Sunday, March 09, 2008

Sunday Night

This evening has been really hard, because Mike and I always spend Sunday night together. And currently he is giving me the silent treatment. The last time we spoke was when he called to ask me if he had eggs in his refrigerator - seriously. I feel so sad and alone and am desperately trying not to think about our happier times together. In the words of Meredith Grey:

Why do I keep hitting myself with a hammer? Because it feels so good when I stop.

Words of Wisdom

"There is really never a good time to breakup." (as told to me by Brent)

"Break-ups are never easy." (from my friend Jenny in DC) (I believe she was consoling me about the first break-up that Mike and I went through last summer)

"It can be tortuous to keep seeing each other." (again, Jenny)

Sigh.

Today's Horoscope*

A noticeable upsurge
Valid during many months: Under this very positive influence you will, at least to a certain extent, be able to change your spots. Any kind of therapy or treatment will now be particularly beneficial. A change of place can have a positive effect as well, and you can be certain that any holiday will now be especially rejuvenating.

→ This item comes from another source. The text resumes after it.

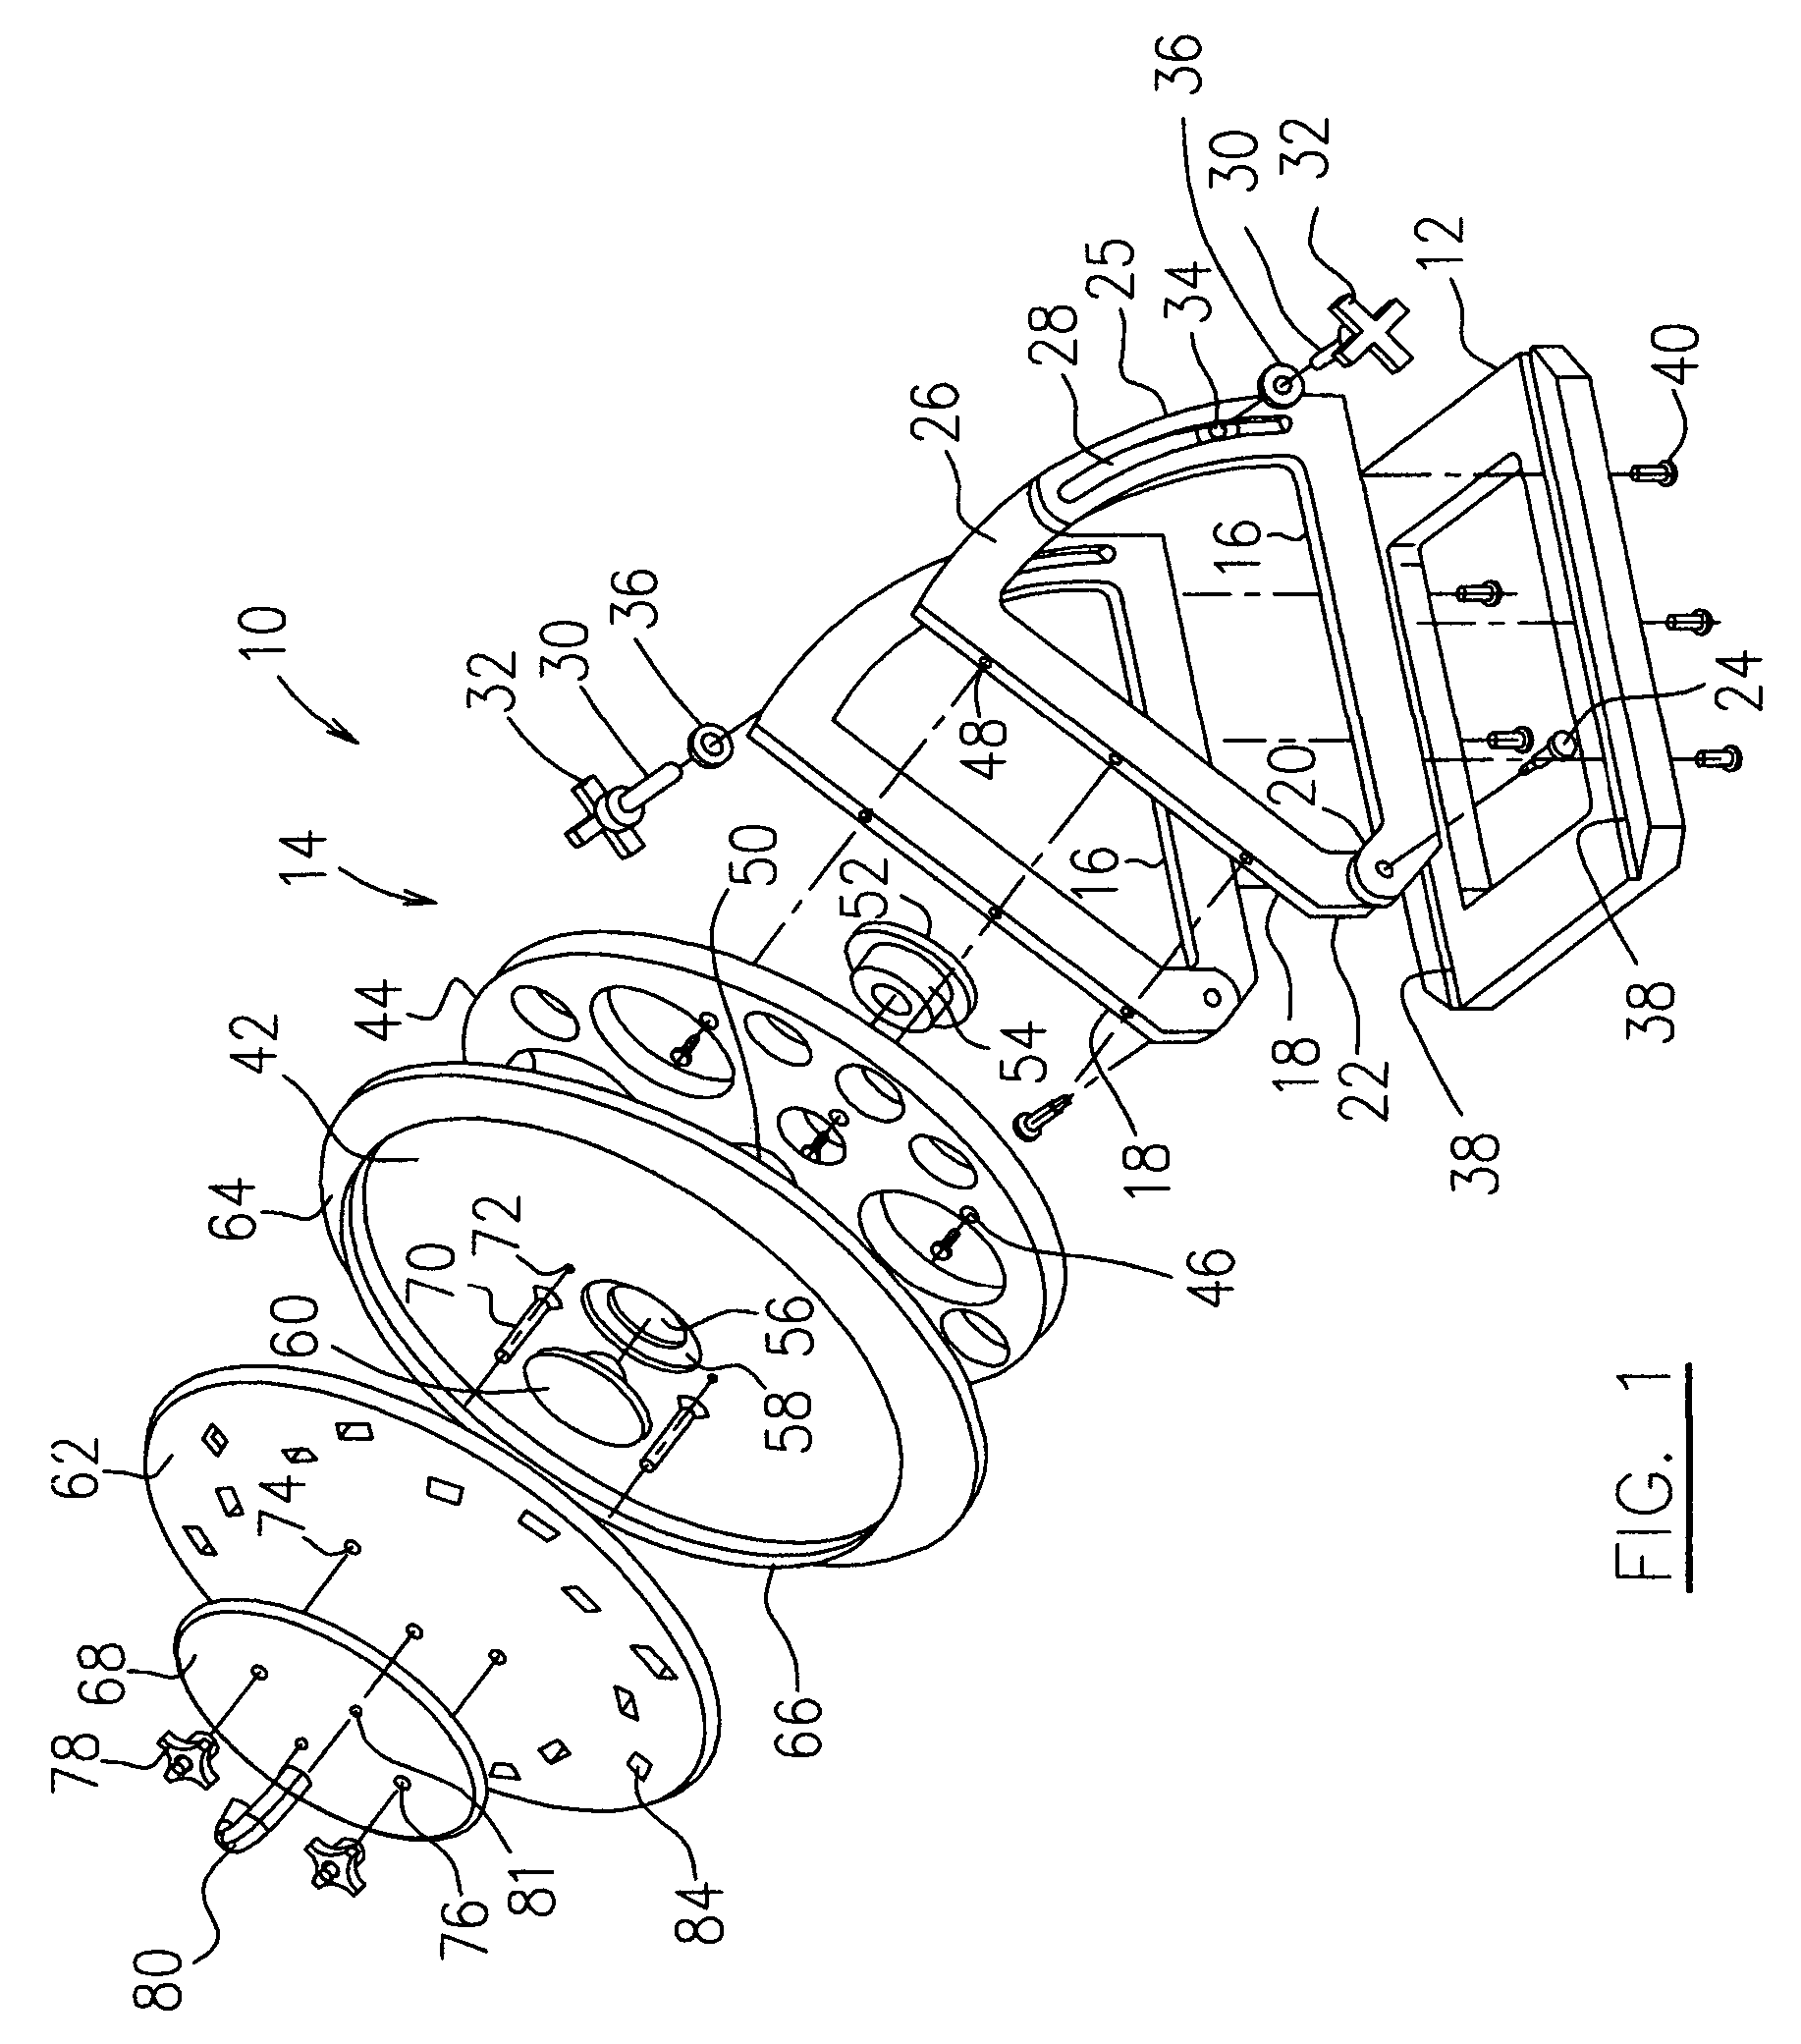 Apparatus for supporting airfoils in a grit blasting process

This influence is linked to a process of healing or self-healing caused by questioning the meaning of individual and collective suffering. Things which you usually find psychologically or physically embarrassing or painful will now lose some of their gravity. You are now more tolerant of your own sensitivities and more prepared than usual to make compromises. If you somehow feel rather sorry for yourself or are prone to self-pity then you may now be better able to let go of such feelings. You can gain new perspectives on things which you usually tend to see in a negative light.

*www.astro.com

Inverse Correlation



...between happiness (success?) in my personal and academic life.

A few updates:

1) In the words of the Boss: My relationship is going down, down, down. We're going down, down, down. How do two people who love each other so much make each other so miserable? There will be many follow-up posts to this particular topic.

2) I have stopped both eating and exercising, which has translated into a net loss. This has also translated into many people telling me how fabulous I look. I'm torn between being flattered and offended.

3) I did not receive the NSF grant that would have funded all of my dissertation data collection. The grant that I spent months, and months, of work and frustration and meticulousness and pain on. I received an email telling me this about five minutes before my boyfriend (ex-boyfriend?) sent me an email saying that he didn't think he wanted to be in a relationship now, he wasn't saying not *ever*, but just not now. Leading me to the conclusion that things requiring so much tedious work and effort are probably not worth it.

But...

4) I finally bought an airplane ticket to Berlin (for the first part of my data collection).

5) A day later I found out that I received another small grant, and the small grants I have gotten up until now come out to about half of the NSF grant. So I'm getting there, baby step by baby step.

6) My program chair, spurred by the quite positive reviews that my NSF grant received considering that it was turned down, told me the department would fund my entire trip to Berlin.

7) My dissertation is coming along quite nicely. This is, I believe, the first time that I have ever been able to say that.

And, unrelated to any of this, 8) I bought an iPhone! Coolest invention ever. (Thanks Mom!)

So, I'm off to Berlin in exactly two weeks. I'll be gone for a month. Couldn't think of a better time to get away.